La pubblicazione di Mater Populi fidelis, avvenuta il 4 novembre 2025, ha immediatamente suscitato reazioni molto diverse. Alcuni hanno letto la Nota del Dicastero per la Dottrina della Fede come un ridimensionamento della mariologia tradizionale, altri vi hanno riconosciuto finalmente la correzione di un linguaggio considerato eccessivo, mentre una parte del dibattito si è concentrata quasi esclusivamente sul giudizio espresso a proposito del titolo di «Corredentrice».
La discussione è comprensibile, soprattutto perché la storia della devozione mariana ha conosciuto formule molto intense e perché alcune di esse sono state utilizzate anche da Pontefici e documenti ecclesiastici. Proprio per questo, prima di stabilire se la Nota rappresenti una rottura o una continuità, conviene lasciarsi guidare dal problema che il documento cerca realmente di affrontare.
Mater Populi fidelis nasce dalla domanda sul significato della singolare cooperazione di Maria al piano della salvezza e assume come criterio fondamentale il rapporto tra questa cooperazione e l’unicità di Cristo come Redentore e Mediatore. È dentro questa relazione che vengono esaminati i titoli mariani, perché il linguaggio della fede non vive isolato dal mistero al quale rimanda e può diventare ambiguo quando una formula, pur nata da una intenzione devota, finisce per suggerire una realtà diversa da quella che la Chiesa intende confessare.
La Nota riconosce con chiarezza che Maria partecipa realmente all’opera della salvezza. Il suo «sì» all’Annunciazione appartiene alla storia concreta dell’Incarnazione e il Vangelo di Giovanni la presenta accanto alla Croce nel momento in cui Gesù la consegna come madre al discepolo. La maternità di Maria non appare quindi come un elemento ornamentale aggiunto successivamente dalla devozione cristiana, perché appartiene alla forma stessa nella quale Dio ha voluto introdurre il Figlio nella storia e accompagnare la nascita della comunità dei discepoli.

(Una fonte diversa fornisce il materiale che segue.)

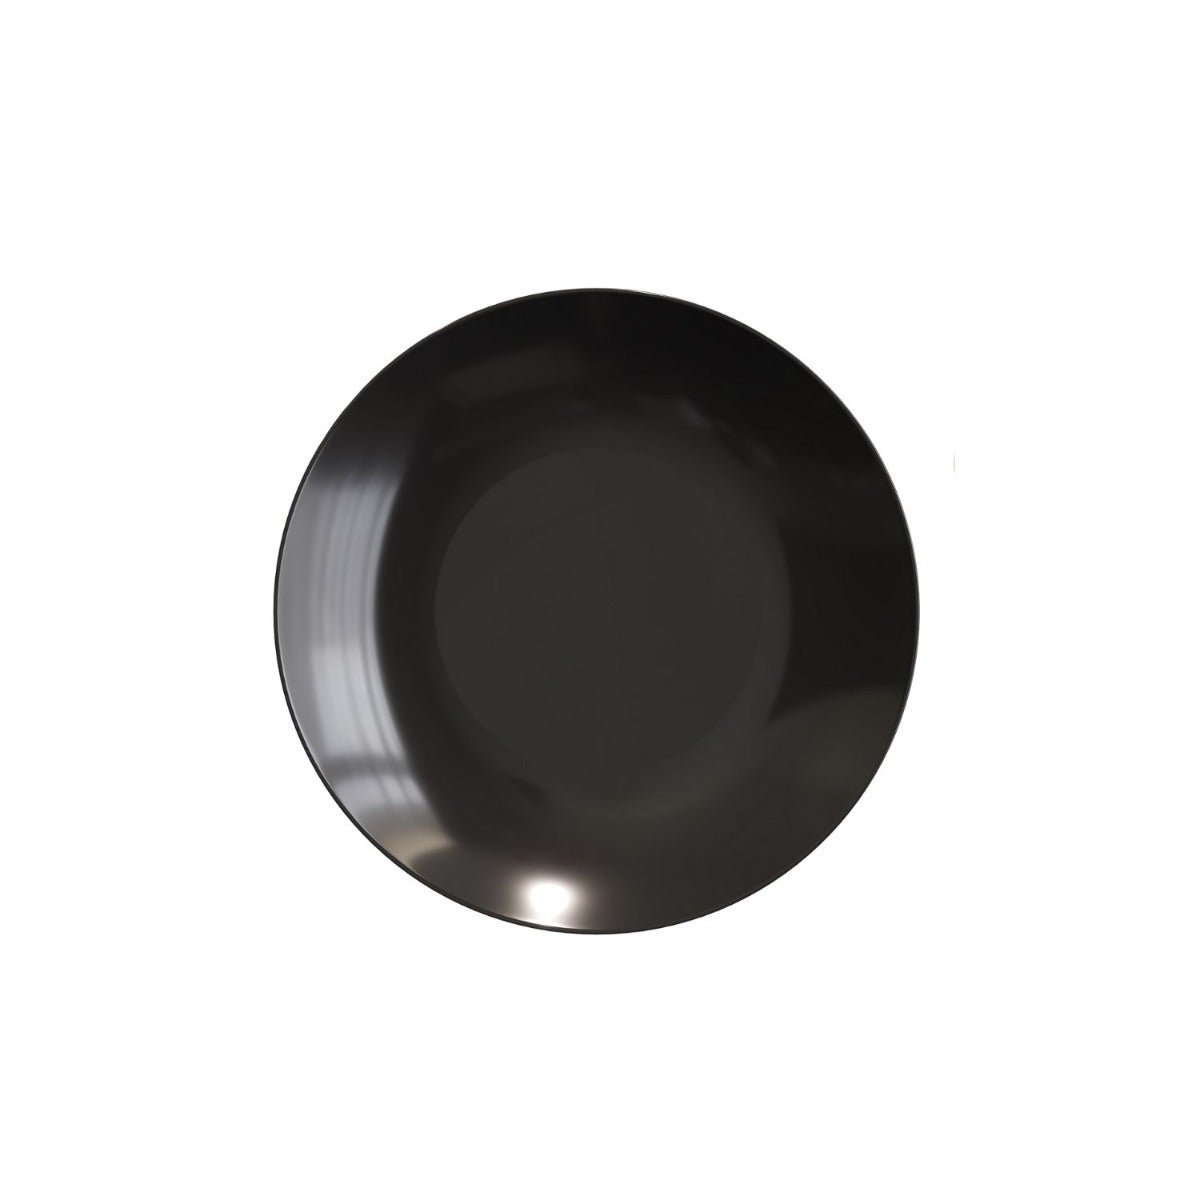 6" Classic Black Design Plastic Plates (120 Count)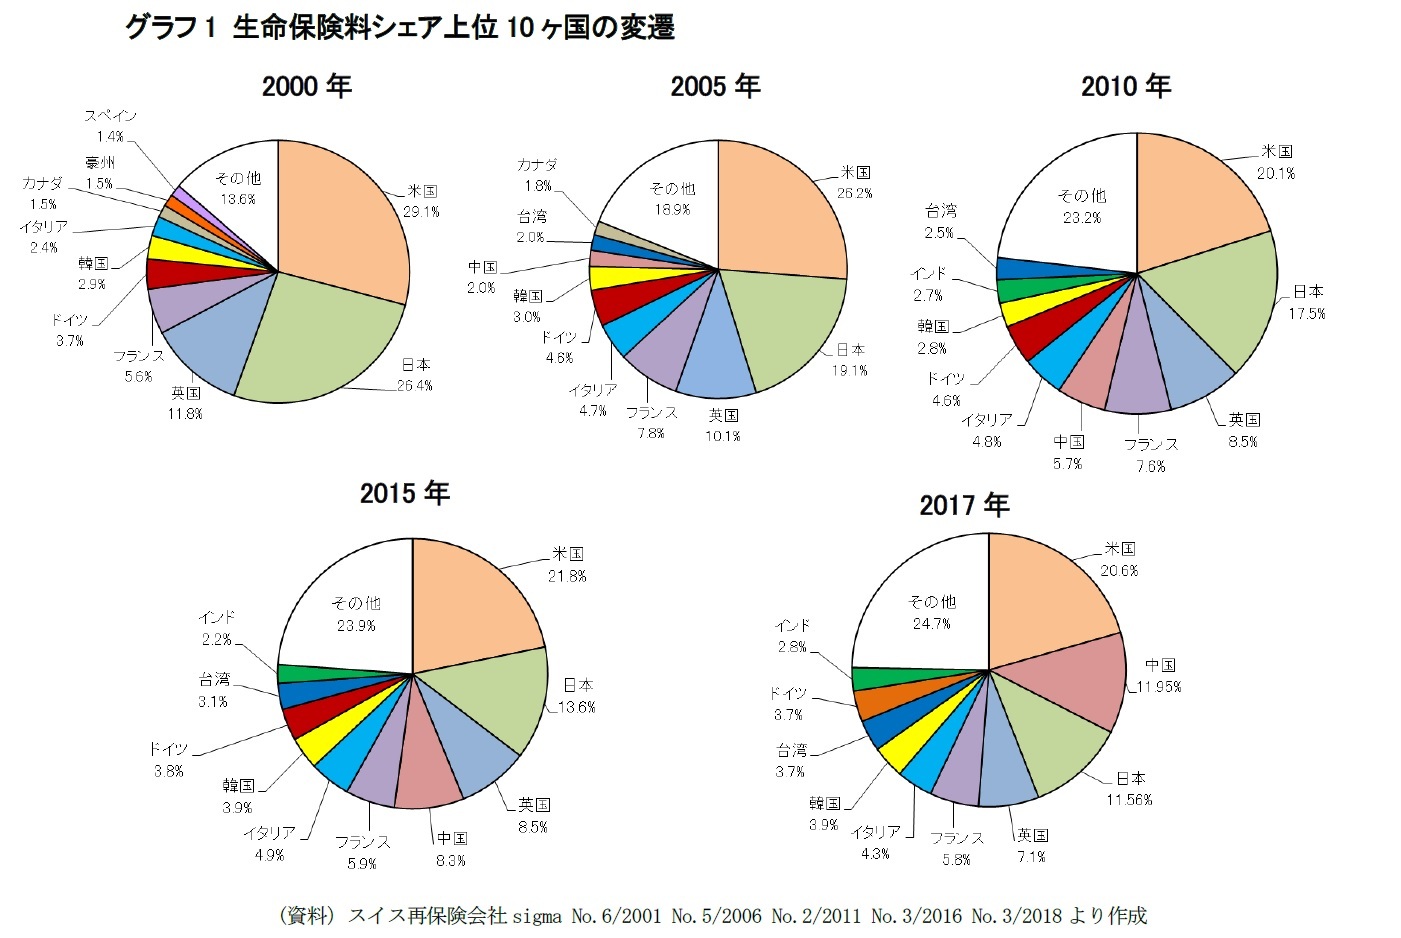 保険料で見る世界の生命保険市場17 中国が世界第2位に躍進し 日本は第3位に後退 スイス再保険のデータから ニッセイ基礎研究所

Questa cooperazione rimane interamente ricevuta. Maria può partecipare all’opera di Cristo perché è stata prima raggiunta dalla sua grazia, e tutto ciò che compie nella storia della salvezza nasce dall’iniziativa di Dio che la precede. La sua grandezza non consiste nel collocarsi accanto al Figlio come un secondo principio salvifico, perché proprio la pienezza della sua risposta manifesta ciò che la grazia di Cristo può operare in una creatura.
Il documento utilizza questa prospettiva per affrontare il titolo che ha provocato le reazioni più forti. La parola «Corredentrice» possiede una storia reale nella pietà e nella riflessione teologica, ed è stata impiegata anche in alcuni interventi pontifici. Mater Populi fidelis non cancella questa storia e ricorda esplicitamente i precedenti, compresi gli usi di san Giovanni Paolo II, precisando però che il Concilio Vaticano II aveva già scelto di non adottare il titolo per ragioni dogmatiche, pastorali ed ecumeniche.
La conclusione del Dicastero è più netta di quanto alcune prime letture abbiano lasciato intendere: considerate le continue spiegazioni necessarie per mantenere il termine dentro il significato corretto, viene giudicato «sempre inappropriato» per definire la cooperazione di Maria alla Redenzione.
Questa affermazione merita di essere compresa nella sua intenzione teologica, perché il documento non nega ciò che la tradizione ha voluto affermare quando ha parlato della partecipazione di Maria all’opera salvifica. Ritiene però che la parola scelta possa facilmente far pensare a una duplicazione del Redentore e che, quando un termine richiede una costante opera di correzione per evitare un significato sbagliato, smetta di essere realmente utile alla fede del popolo cristiano.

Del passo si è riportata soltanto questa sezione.